В действительности, реакция Хаганы и других официальных учреждений ишува была совершенно другой. Руководимая ими пресса вступила в общий хор, осуждавший операцию в Сарафанде и просивший англичан об отмене смертного приговора.

Руководители Хаганы не понимали, что правительство выбрало этих двух солдат Иргуна для проведения эксперимента с новыми чрезвычайными законами. Угроза Хаганы мстить, если чрезвычайные законы будут введены, запомнилась британским властям. Теперь, когда бравая угроза подверглась испытанию впервые, они не только ничего не сказали и ничего не сделали, чтобы исполнить ее, но и достаточно ясно выразились, что из чисто партизанских соображений они заняли позицию ’’наблюдателей”.

Именно этого и добивались власти. Если бы последние преуспели в своем эксперименте, то нет никаких сомнений в том, что за Ашбелем и Шимшоном последовали бы многие еврейские бойцы.

Что касается нас, то нам даже в голову не пришло оставить ребят на милость властей. Мы должны были бороться за их спасение. Мы не делали различий между тем или иным бойцом. Когда Матитиягу Шмулевич из ЛЕХИ был приговорен к смертной казни, мы предложили наш план нападения на центральную тюрьму в Иерусалиме, с целью его освобождения. План должен был быть приведен в исполнение нашими объединенными силами, когда приговор Шмулевичу был отменен.

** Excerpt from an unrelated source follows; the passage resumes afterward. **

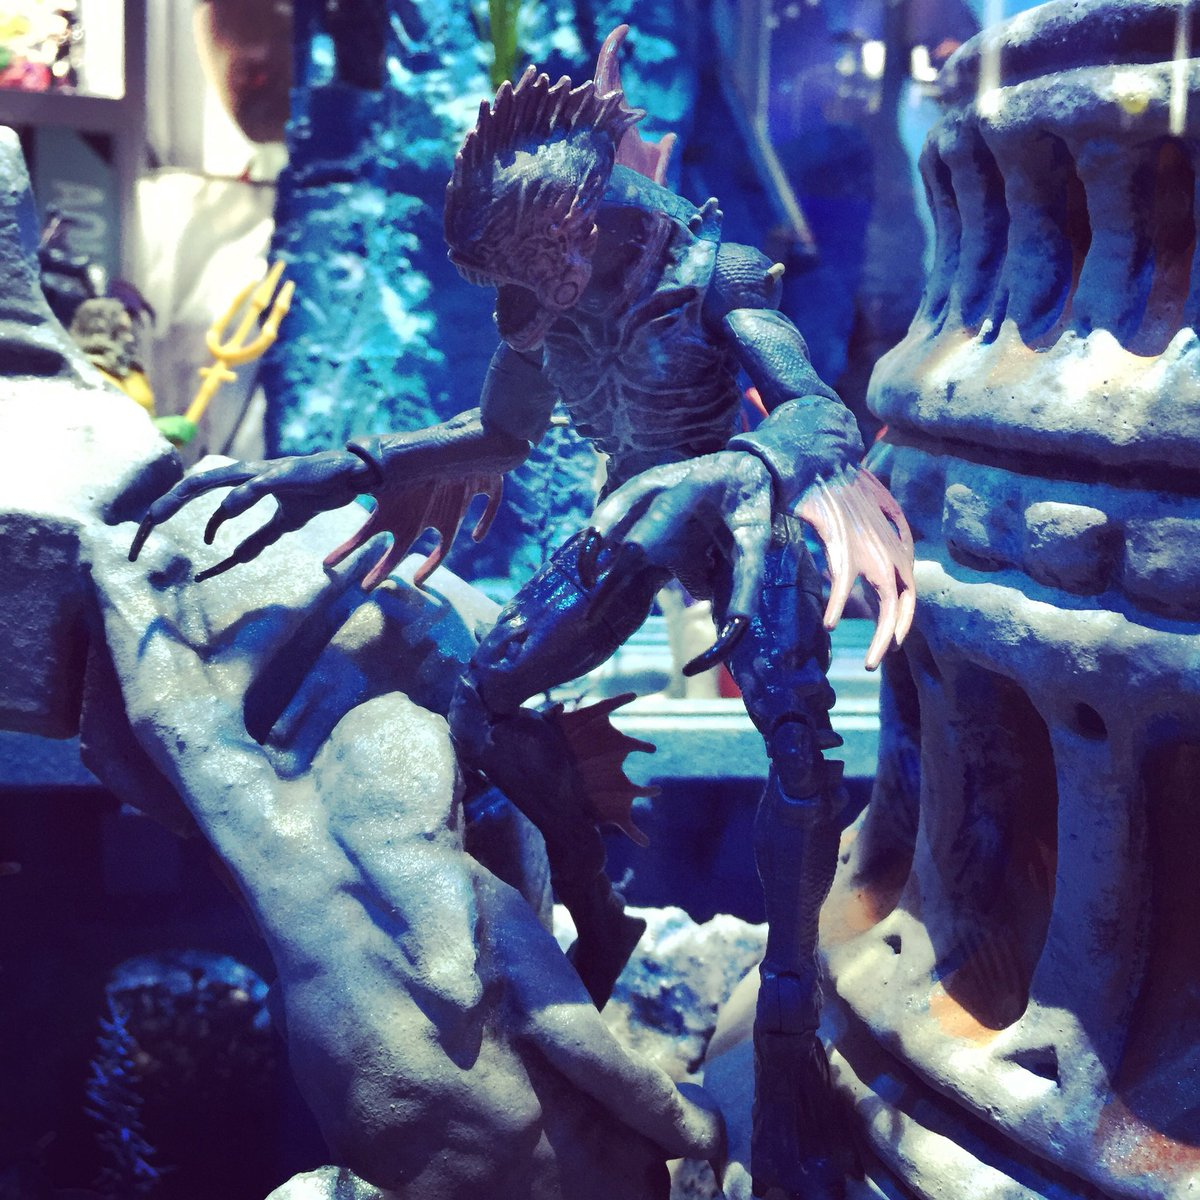 Liberan el esperado tráiler de Aquaman en la Comic Con San Diego

Когда Ашбель и Шимшон были приговорены к смертной казни, то мы в первый раз предупредили британское правительство: ”Не вешайте пленных солдат. Если вы это сделаете, мы ответим виселицами на виселицы”. Несколькими днями позже мы захватили в плен 6 британских офицеров. Пятерых — прямо у входа в офицерский клуб в Тель-Авиве. Соединение Иргуна окружило дом. Несколько человек захватили телефонную комнату. Трое или четверо человек с пистолетами приказали десяткам офицеров, собравшимся в главном зале, поднять руки. Офицеры подчинились. Офицер Иргуна, командовавший операцией, отобрал пятерых, чинами повыше, и приказал им следовать за ним в качестве пленных Иргун Цваи Леуми. Они подчинились и были в срочном порядке препровождены к ожидавшим на улице машинам. Оставшиеся получили достаточно ясные указания не двигаться четверть часа. К тому времени, когда в офицерский клуб в Тель-Авиве прибыла полиция и военные соединения, в клубе простыл след и похитителей, и похищенных.